Don't wait for National Tree Week to plant a tree

Don't wait for National Tree Week to plant a tree

We need trees and if you think they're the preserve of folks with large gardens, well that's not the case. A pot will prove a fine home for many small or dwarf trees.

By Abby Trow
Acers are small trees suitable for compact urban gardens

National Tree Week 2019 isn't until the end of the year (23 Nov-1 Dec)...but you don't have to hang on until then to plant a tree. And remember tree planting isn't just for those with large gardens because plenty of varieties can live happily in a pot or container on a terrace or balcony, such as an olive, dwarf apple or weeping cherry tree. Pictured above: acer trees don't grow overly large and are good for small gardens. Photograph courtesy of Trees Direct.

Say tree and most Brits can rattle off the following species: oak, beech, elm, birch, fir, horsechestnut, maybe weeping willow and possibly hawthorn. Species that belong in woods and which are way too big for most gardens, let alone patios, decks, roof gardens and balconies. 

So lots of us never consider buying a tree, but National Tree Week was launched to raise awareness of the fact that there are plenty of small and dwarf trees that flourish in pots. And by investing in them we'll be improving our own personal environment and doing our bit for biodiversity.

Diana Beamish of Shropshire-based Trees Direct says small trees are easy to care for and they look delightful. She recommends dwarf apple, weeping cherry, Cornus florida, dwarf cherry and olive trees for container planting, while trees that don't grow so big and so work for small gardens include damson trees and acers.

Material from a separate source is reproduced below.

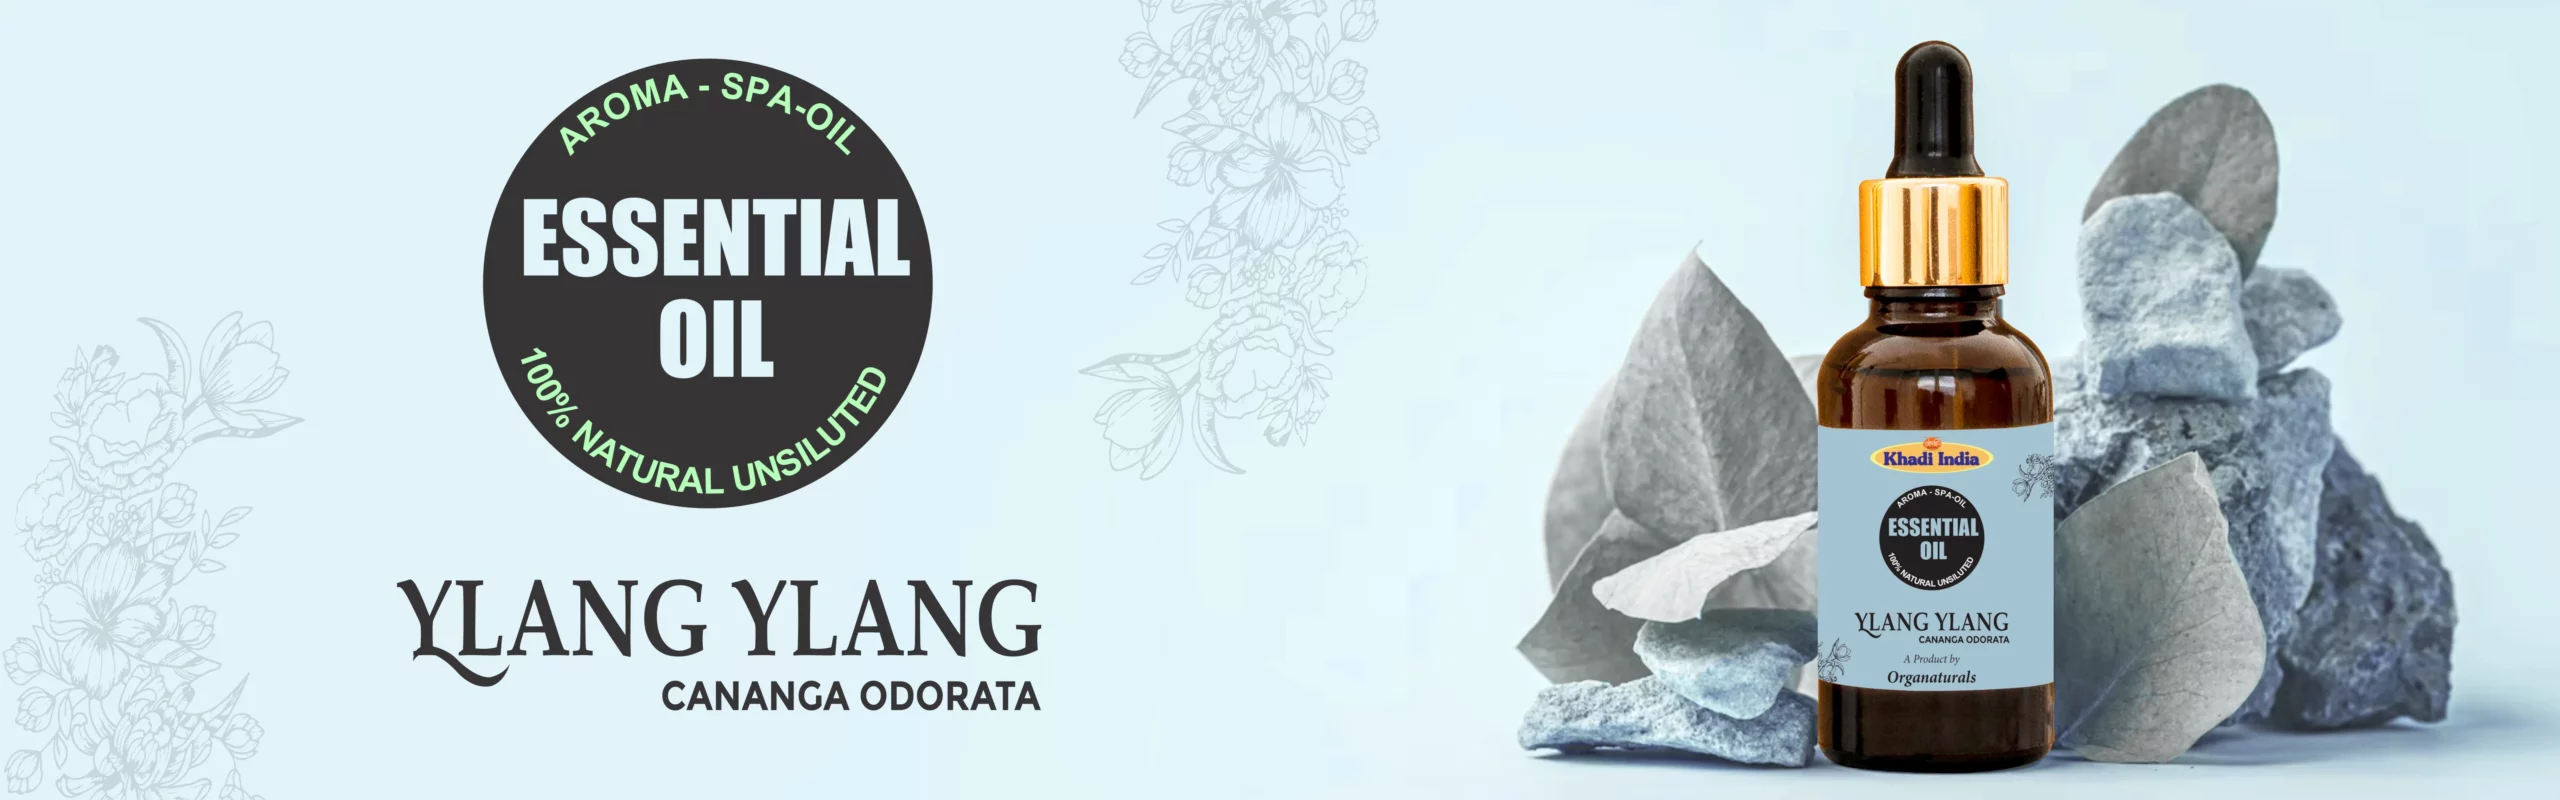 Ylang Ylang Essential Oil - www.dkihenna.com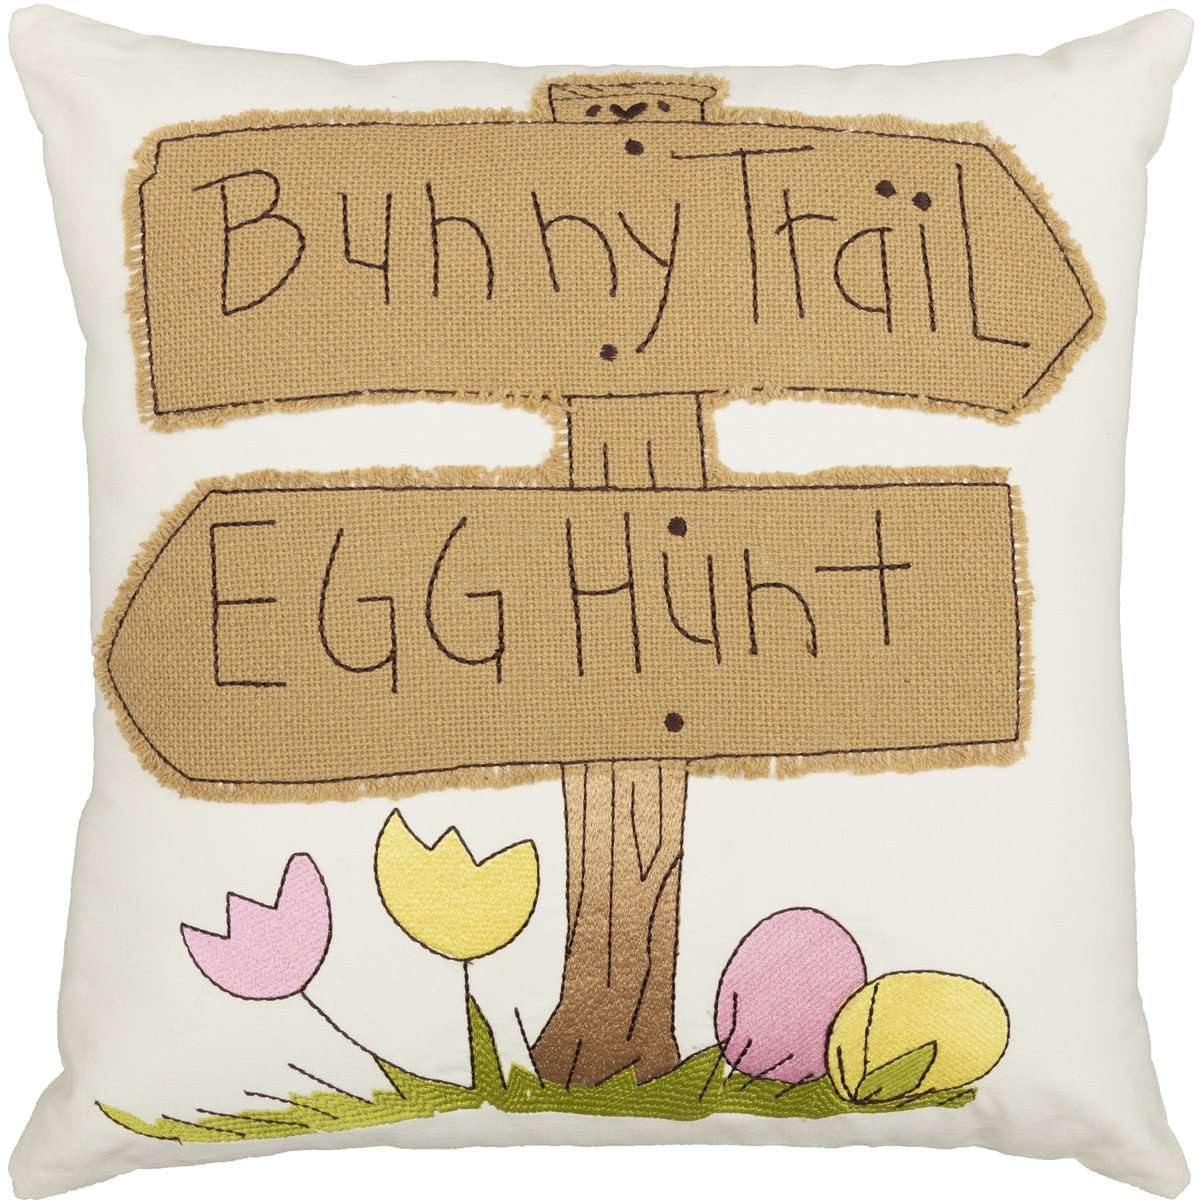 Bunny Trail Pillow 18x18 - The Fox Decor

Dwarf cherry trees live long lives in pots. www.treesdirect.co.uk
Good for pots ...Cornus Florida. www.treesdirect.co.uk
Weeping cherry tree, good for pots. www.treesdirect.co.uk
A damson tree in blossom. www.treesdirect.co.uk
Why should we plant trees?
  • Trees absorb CO2 and give off oxygen, so they're vital to life on earth and help counter climate change
  • They're beautiful, improve our landscapes and give us resources such as fruit and timber.
  • Trees and plants - native or non-native - attract birds, bees and other wildlife to our gardens.
  • Biodiversity can improve ecosystems by restoring natural balance and providing food and habitat for wildlife.
  • Trees help prevent flooding and soil erosion.
  • Trees and plants contribute to a sense of contentment and calmness.
  • The appearance of gardens of any size and style can be improved with appropriate, well-positioned trees.
Orange trees in pots make a patio look wonderful
Olive trees grow well in pots in the British climate

Diana Beamish has tips to help ensure trees you buy for your garden or containers will grow and thrive:

  • After unpacking your tree, give it a good soak in its pot.
  • When you're ready to plant it out, prepare a hole which should be approx twice the width of the pot and 1.5 times the depth.
  • Trees like a little bone meal so sprinkle some in the hole. If the soil is poor some compost will also help your tree to settle in.
  • Lift tree out of pot, keeping as much soil intact around the tree. DO NOT TOUCH THE ROOTS. Place tree in the prepared hole. Fill round the roots and bottom of trunk with soil. 
  • Press soil round trunk firmly. Mulch if you want. Stake tree if necessary and WATER THROUGHLY.  
  • If planting in a dry period, take time to water so the tree doesn't dry out, but be careful not to overwater. 
  • If you're planting in a very cold spell, often spreading straw, hay, sacking or old newspaper can protect the base of the tree from a cold frost. 

So go on, plant a tree..and remember if you don't have a garden, just get hold of a large pot.